### Exercise objective:
Please copy the data exactly as it stands, minus the images.

### Input data:

________

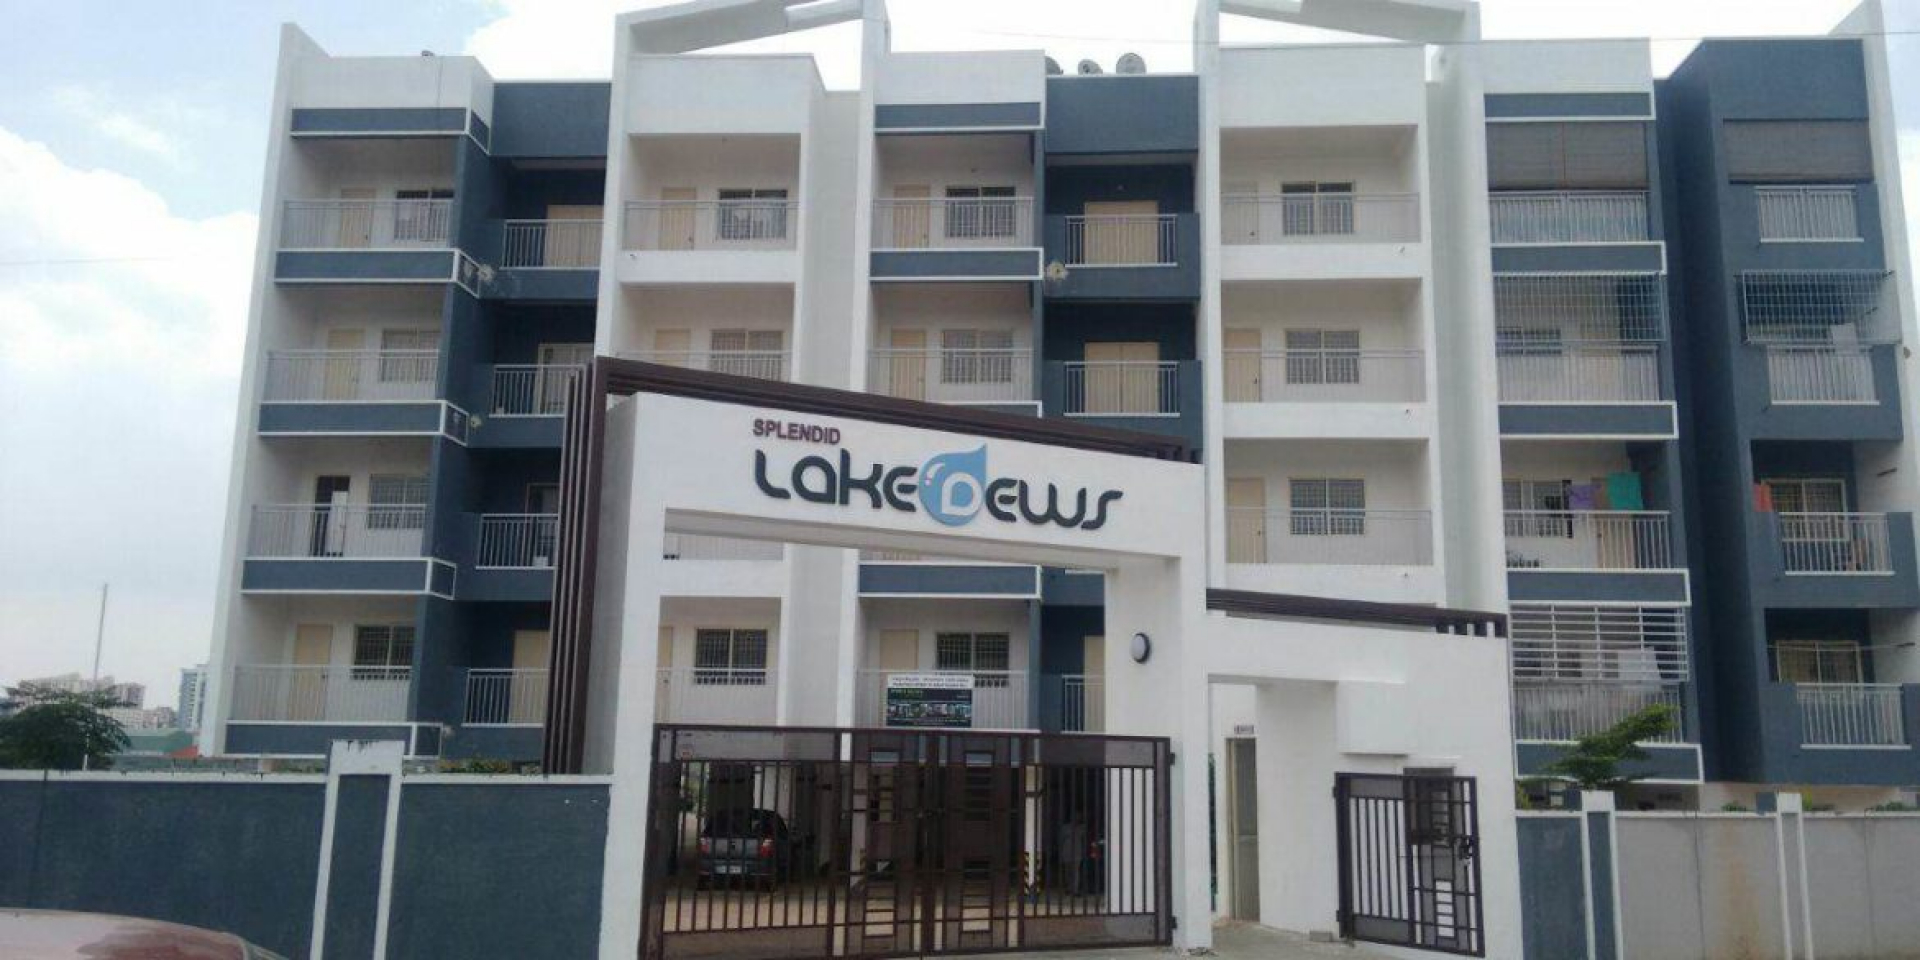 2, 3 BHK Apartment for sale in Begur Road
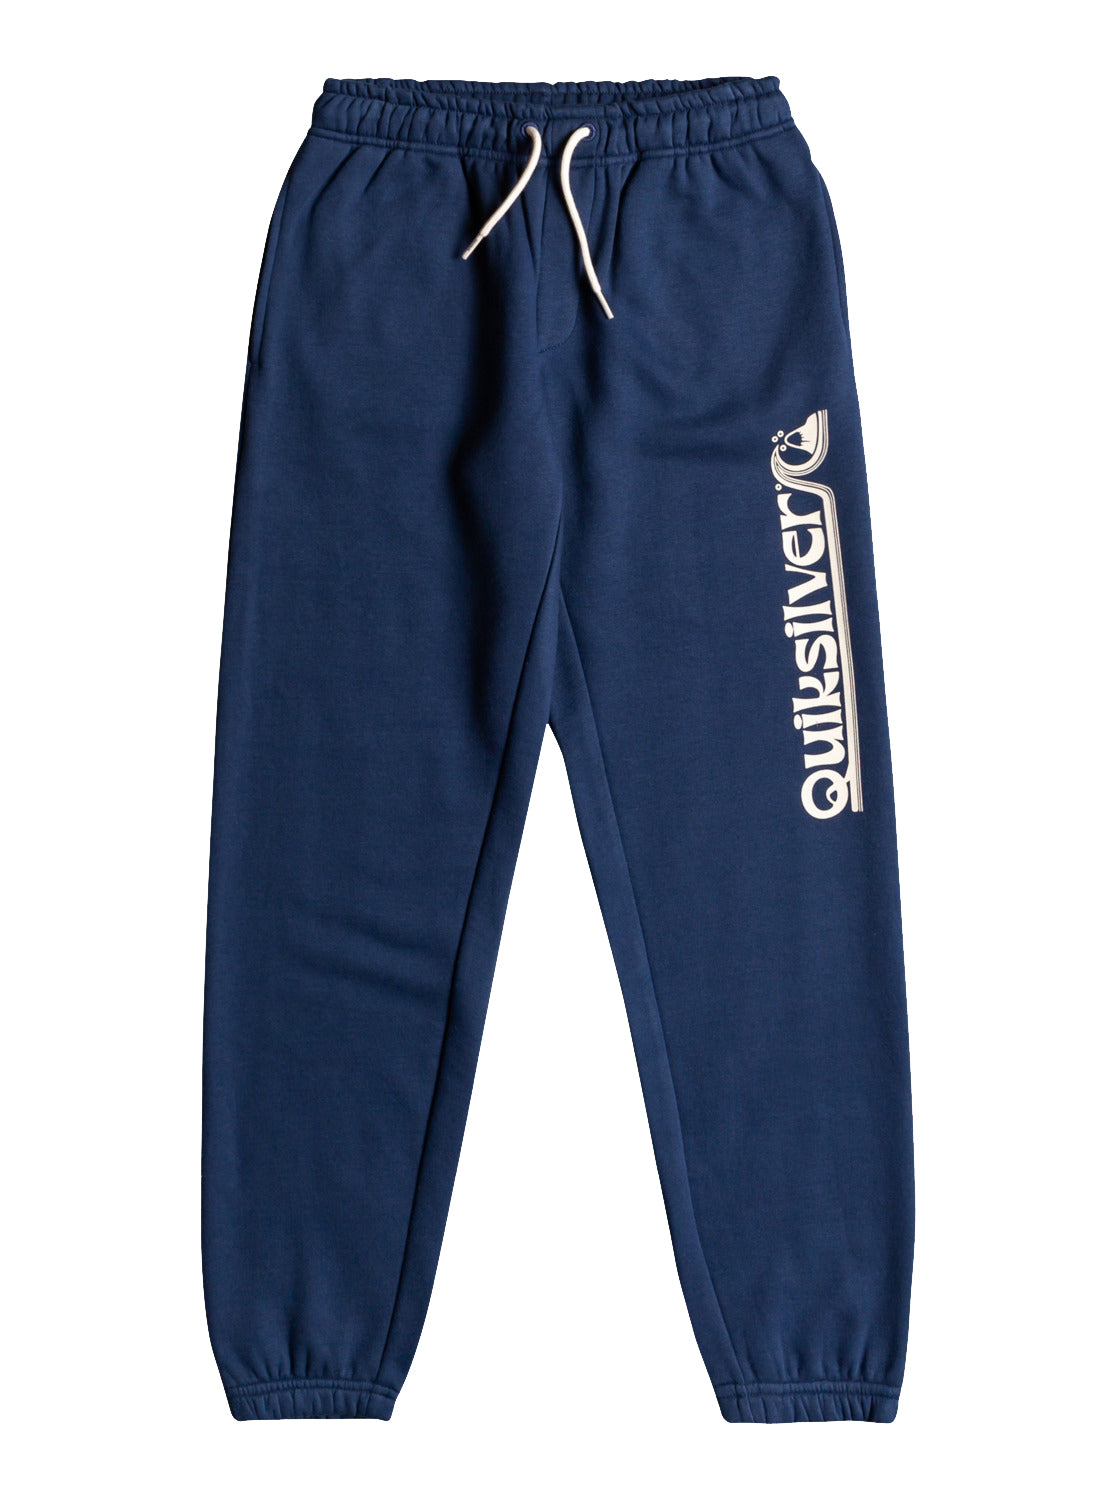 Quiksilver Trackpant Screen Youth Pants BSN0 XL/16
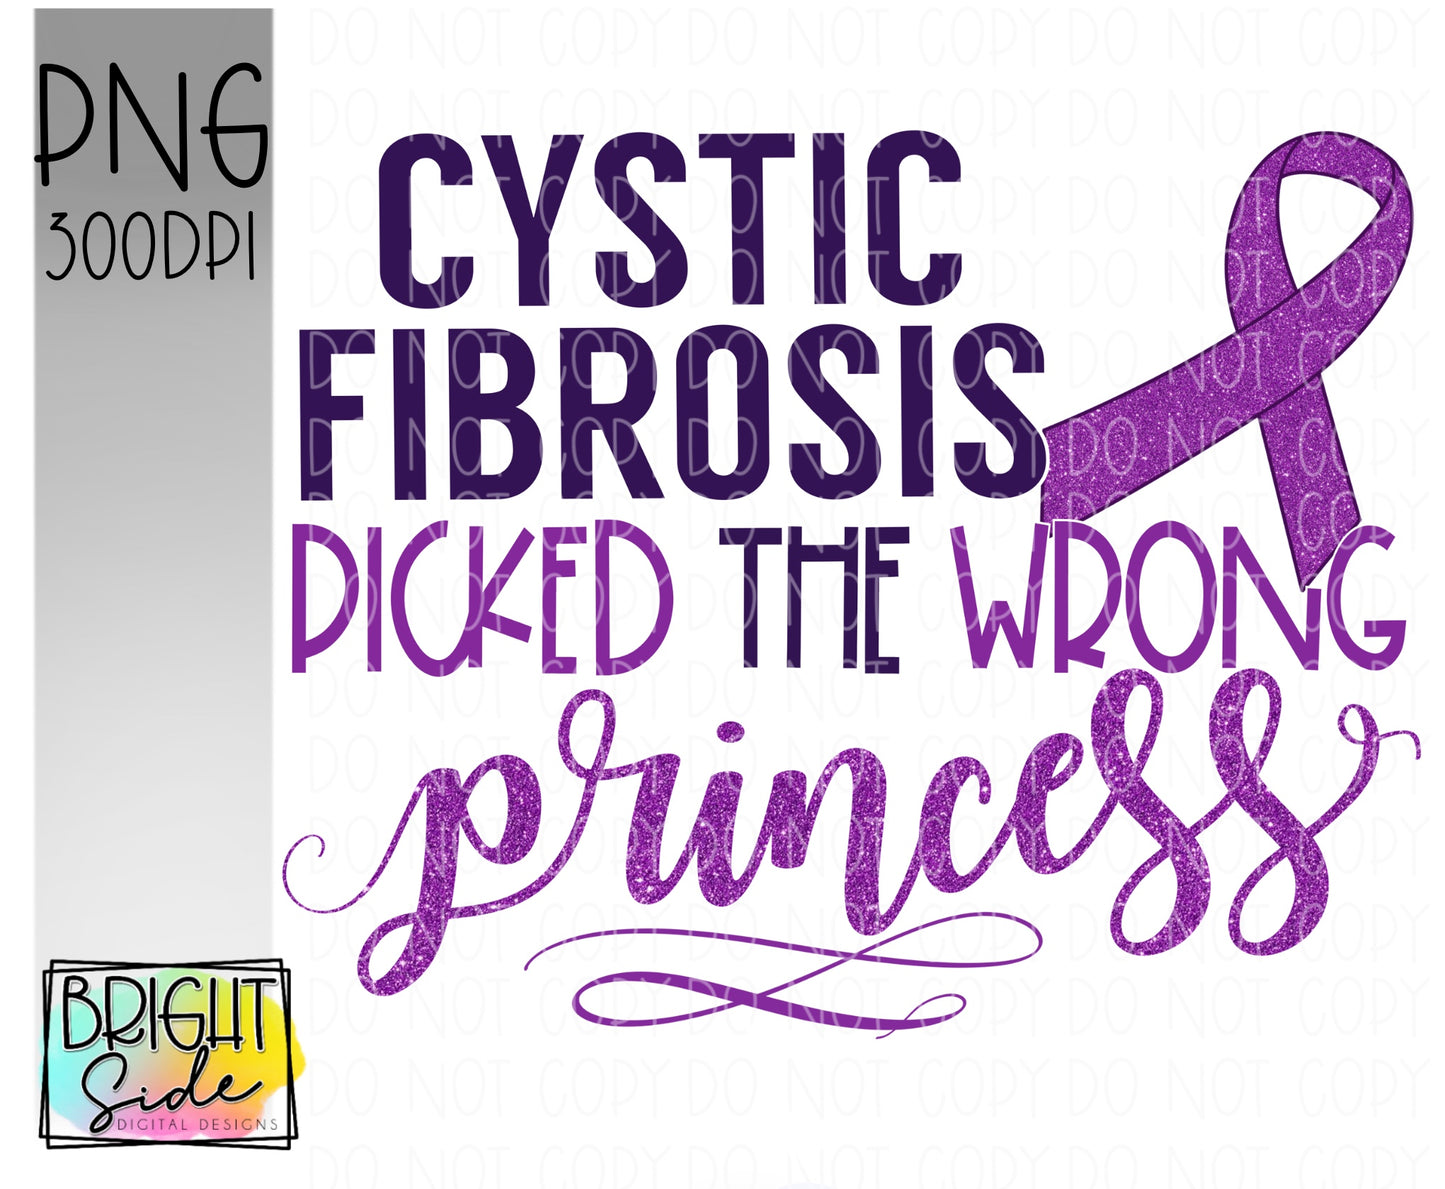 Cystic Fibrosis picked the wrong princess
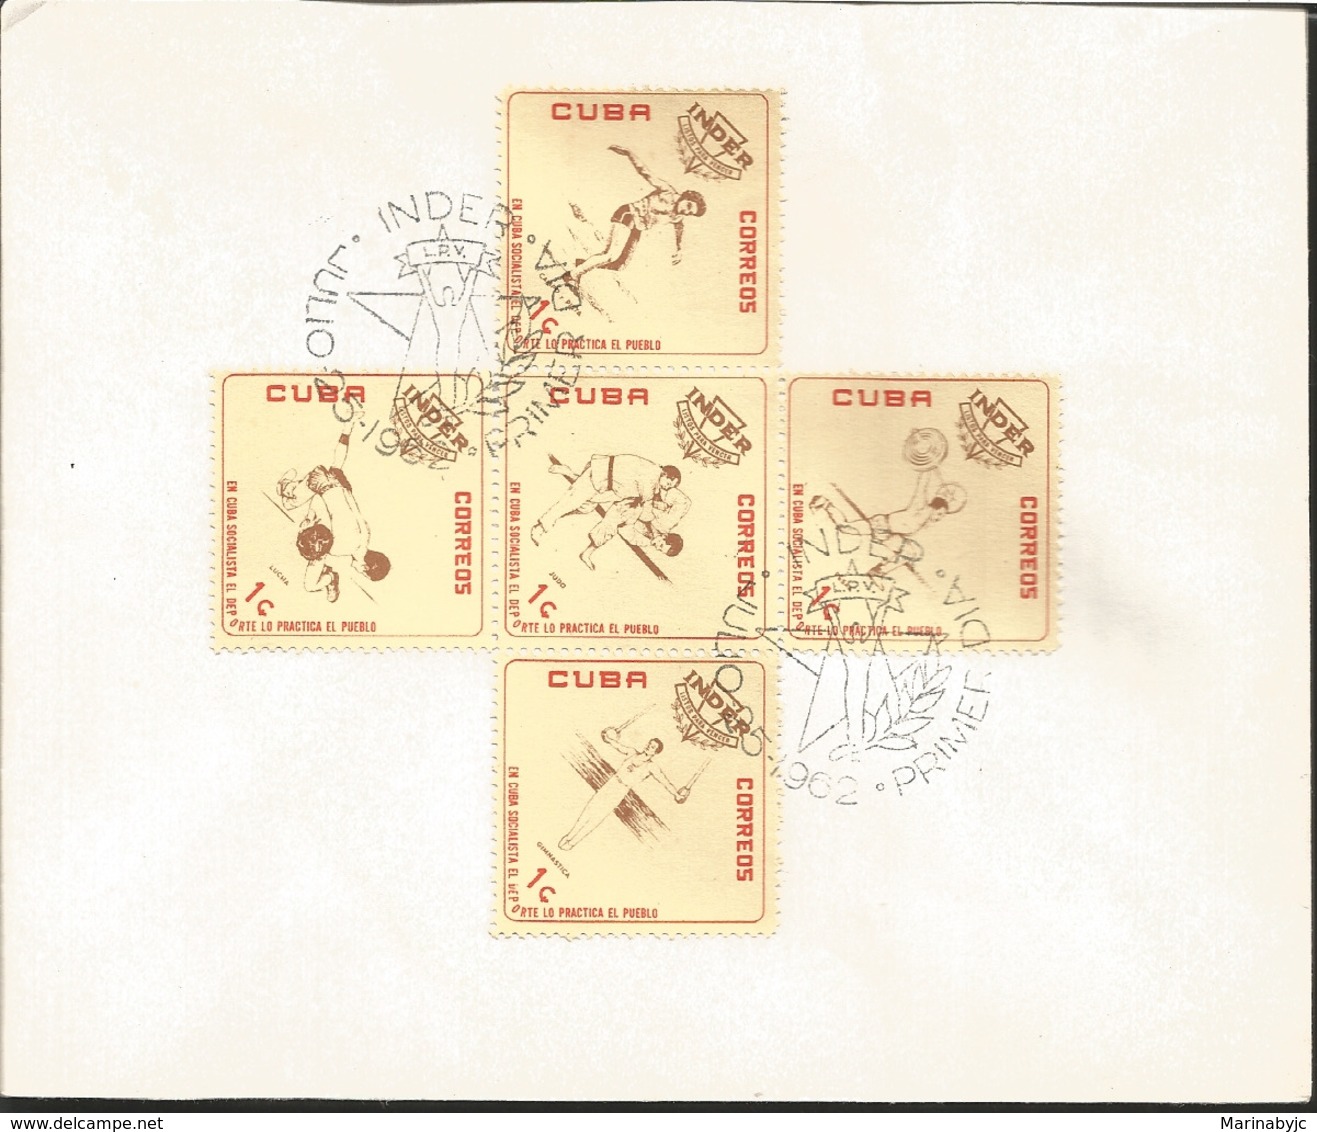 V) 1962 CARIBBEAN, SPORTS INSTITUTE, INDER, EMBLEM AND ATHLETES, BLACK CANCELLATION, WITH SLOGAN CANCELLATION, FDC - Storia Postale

________

### Exercise result:
 2, 3 BHK Apartment for sale in Begur Road
 Quiksilver Trackpant Screen Youth Pants BSN0 XL/16
 Cystic Fibrosis picked the wrong princess
 V) 1962 CARIBBEAN, SPORTS INSTITUTE, INDER, EMBLEM AND ATHLETES, BLACK CANCELLATION, WITH SLOGAN CANCELLATION, FDC - Storia Postale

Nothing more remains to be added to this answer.